- About this task -
Down to the last line below, repeat the entries word for word and drop the pictures.
[Opening Data for the task section]
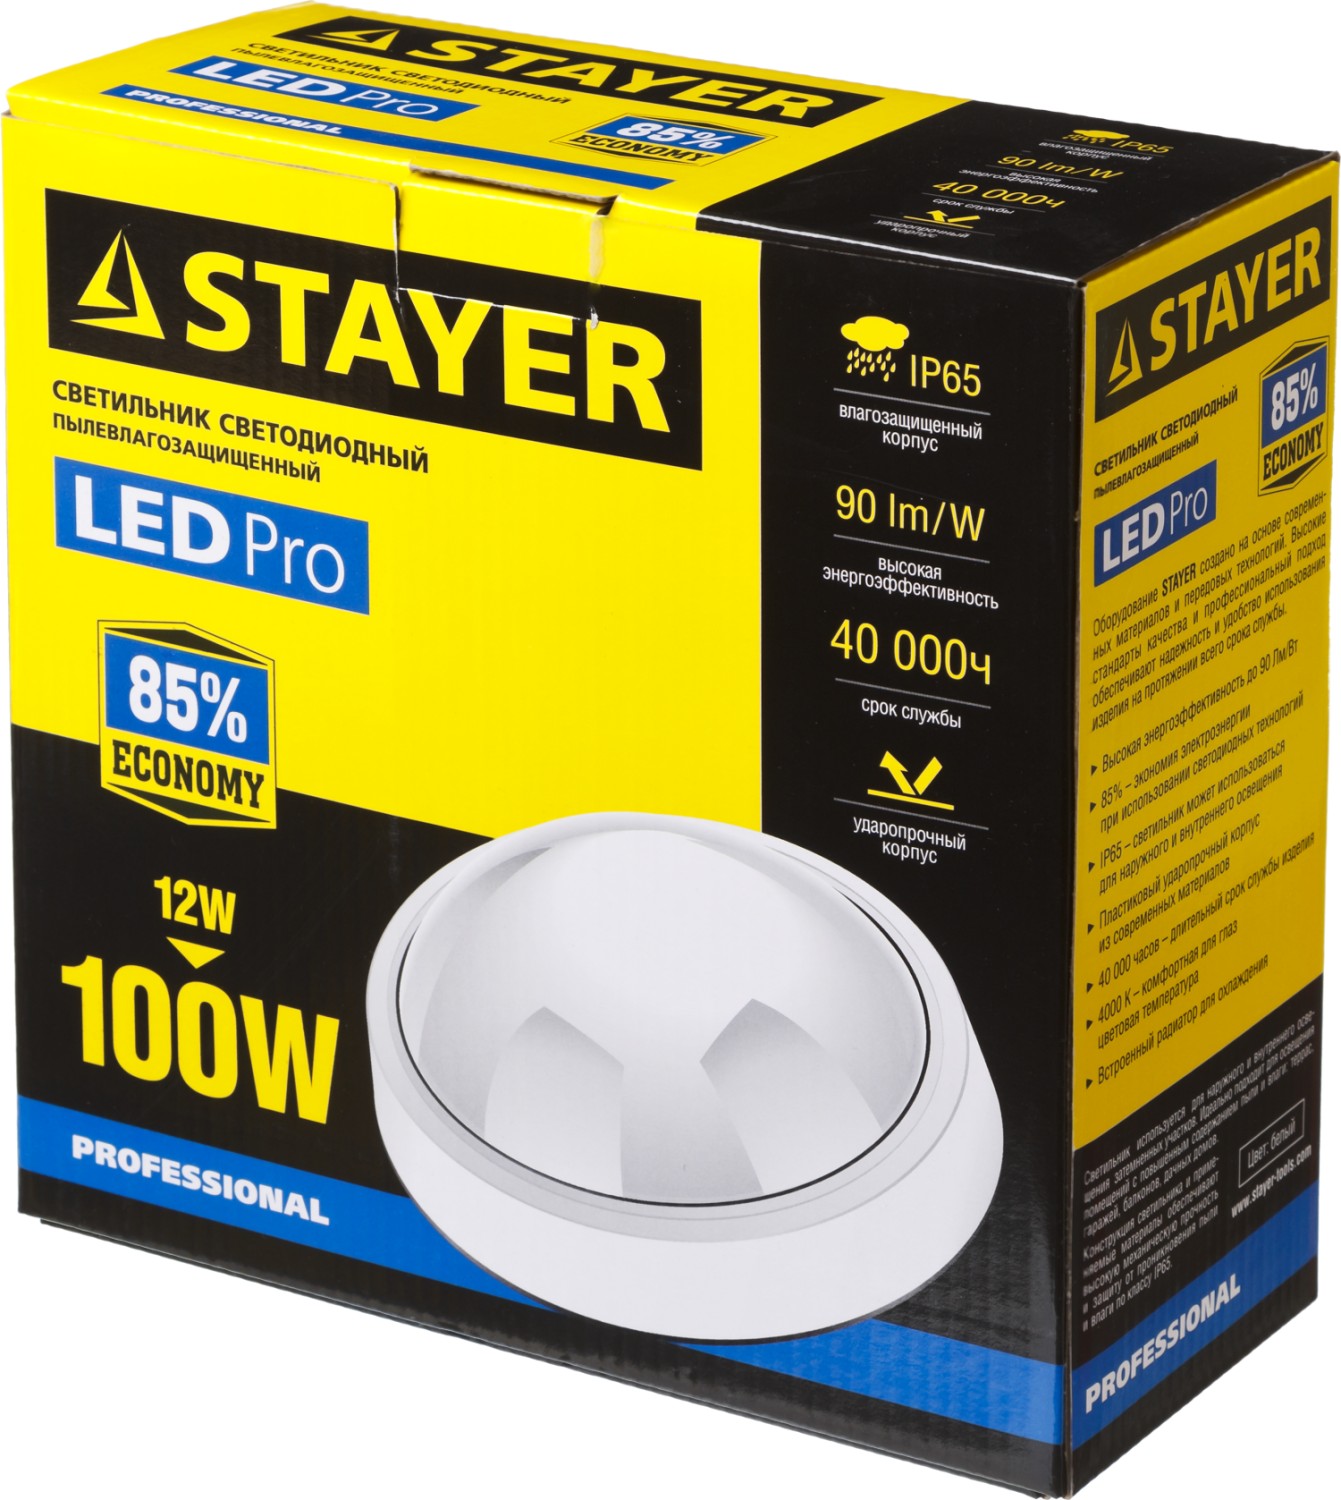 STAYER PROLight, 12(100 Вт), влагозащищенный светодиодный светильник, Professional (57362-100-W)
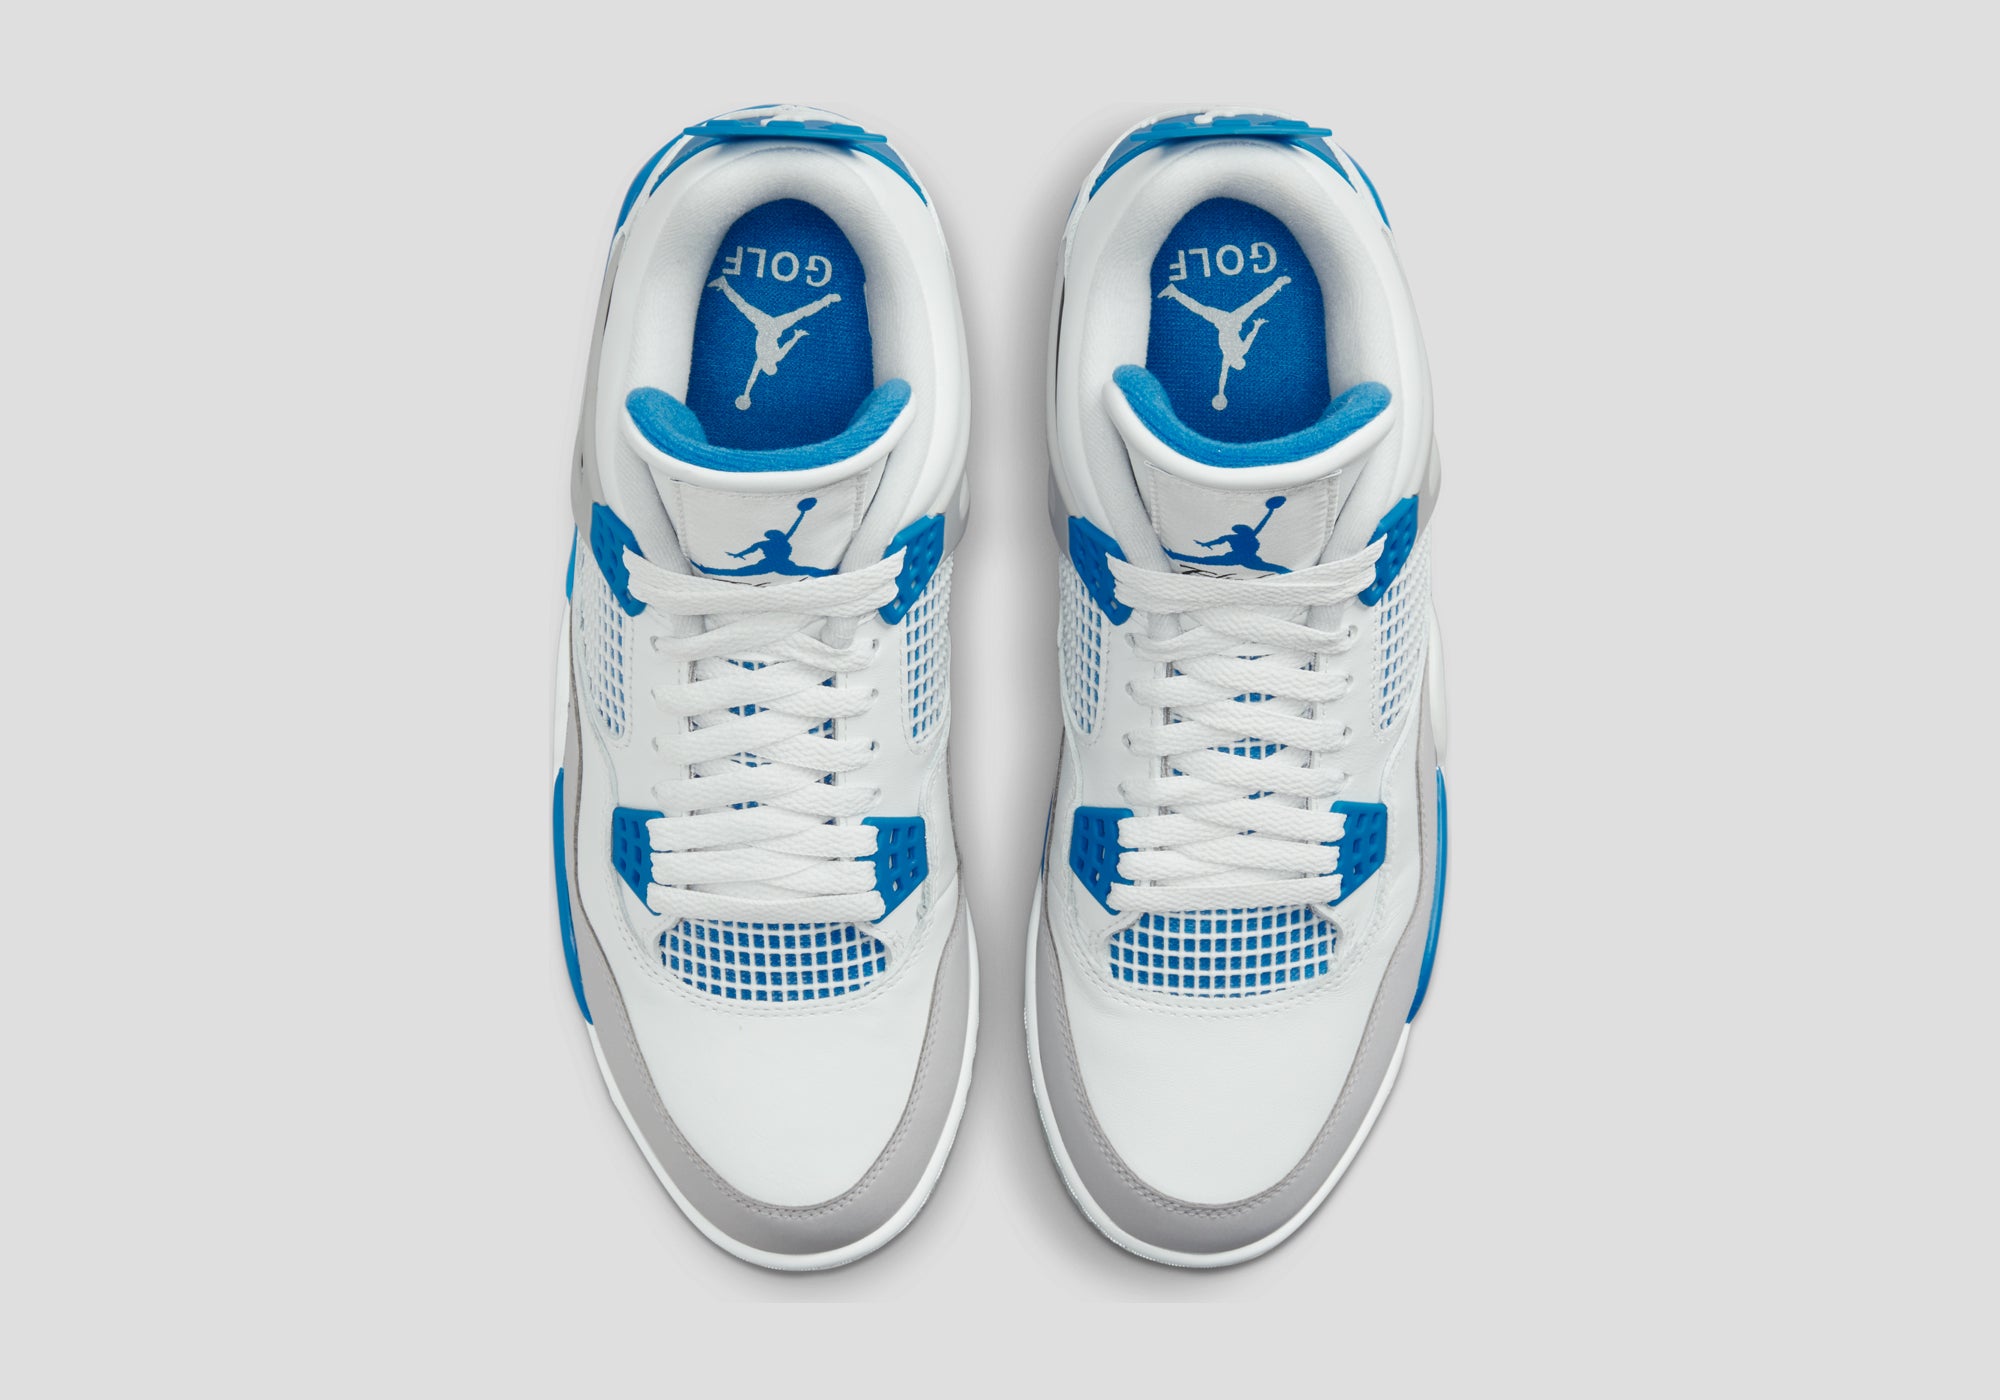 Nike Air Jordan 4 Golf Shoes White/Military Blue-4
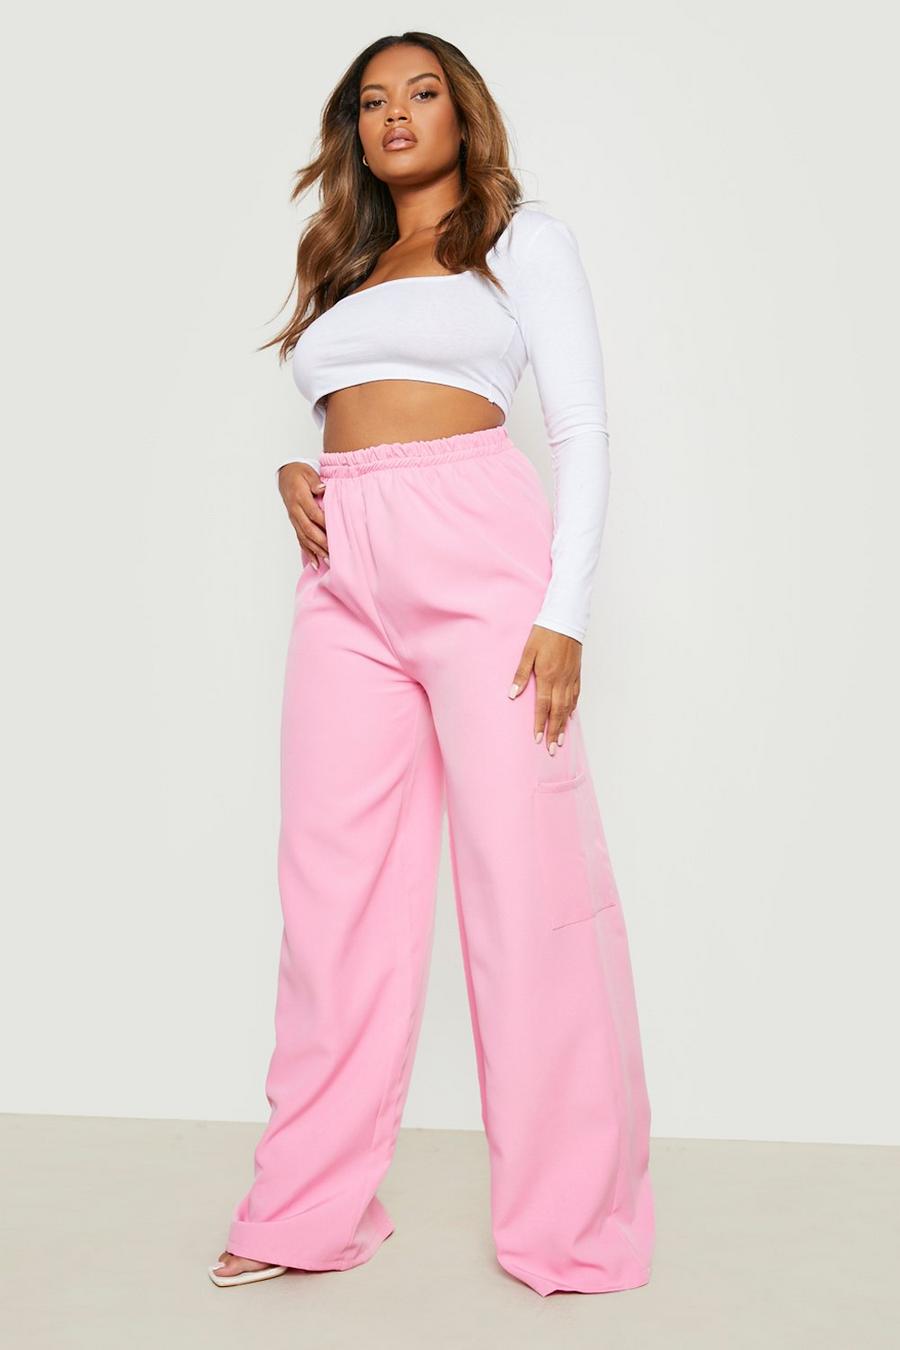 Pantalón Plus con cintura elástica y bolsillos cargo, Baby pink rosa
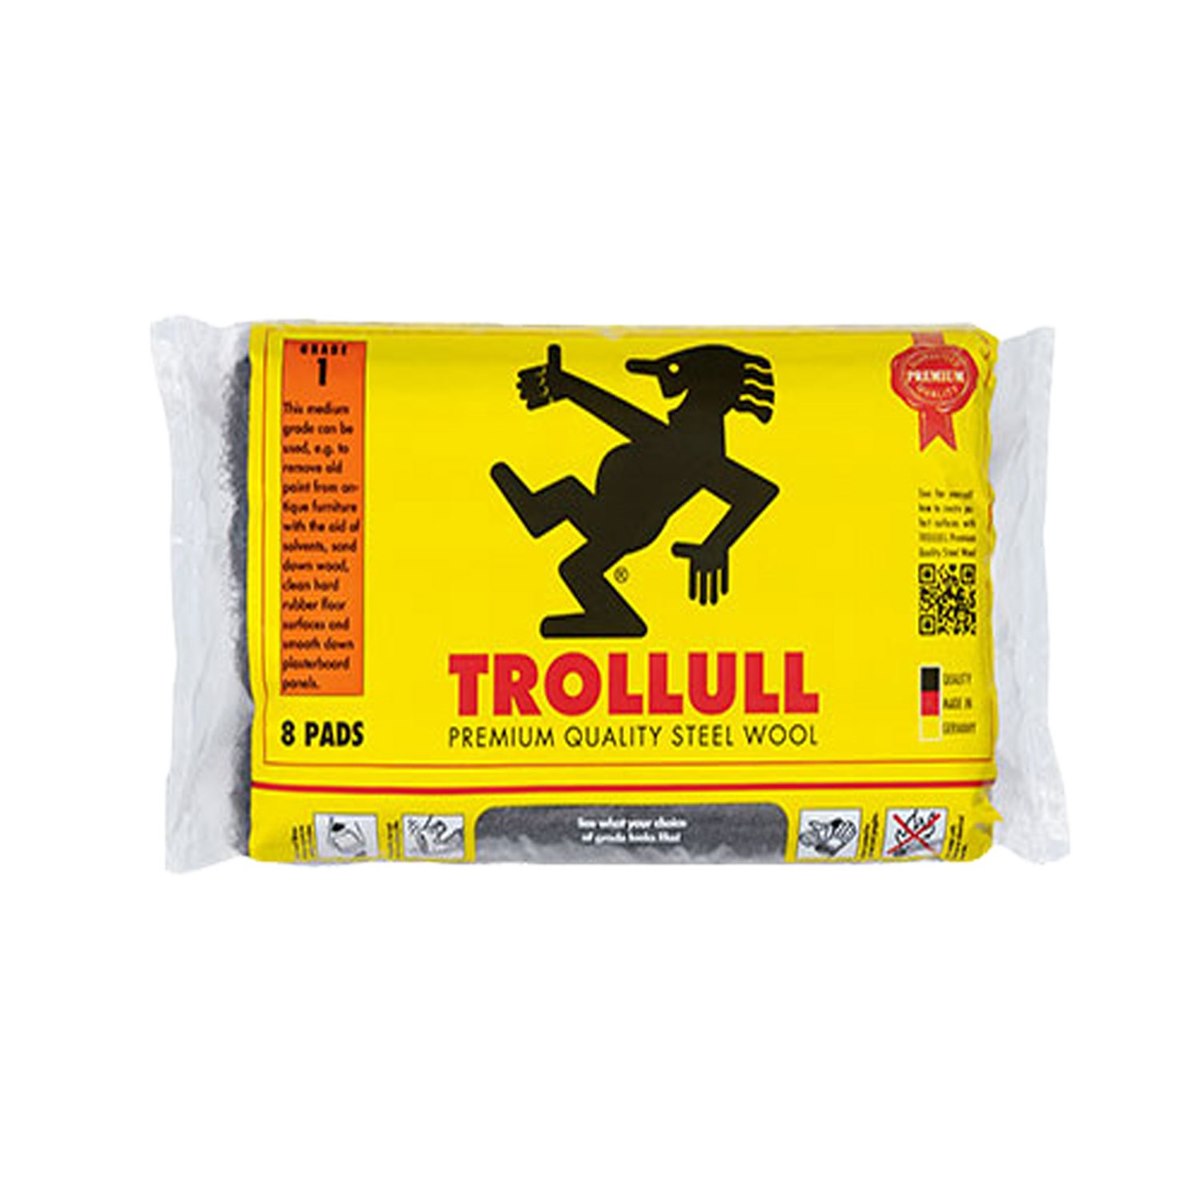 Trollull 8 Pads Steel Wool 00
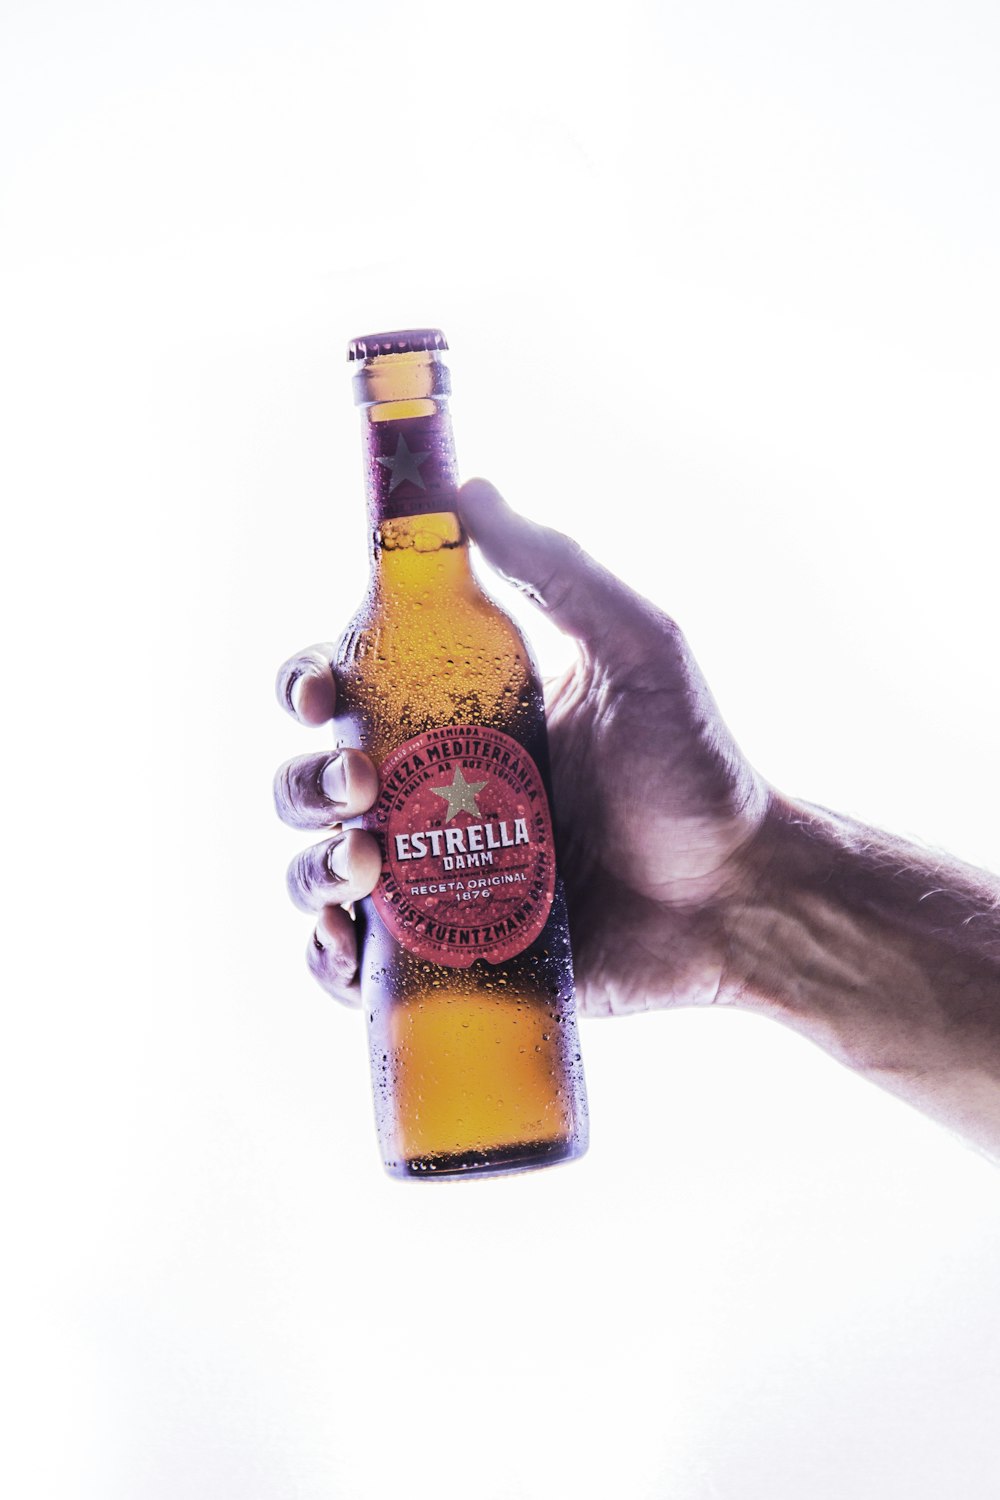 Estrella beer bottle
[Closing Data for the task section]
- Response -
 STAYER PROLight, 12(100 Вт), влагозащищенный светодиодный светильник, Professional (57362-100-W)
 Nike Air Jordan 4 Golf Shoes White/Military Blue-4
 Pantalón Plus con cintura elástica y bolsillos cargo, Baby pink rosa
 Trollull 8 Pads Steel Wool 00
 Estrella beer bottle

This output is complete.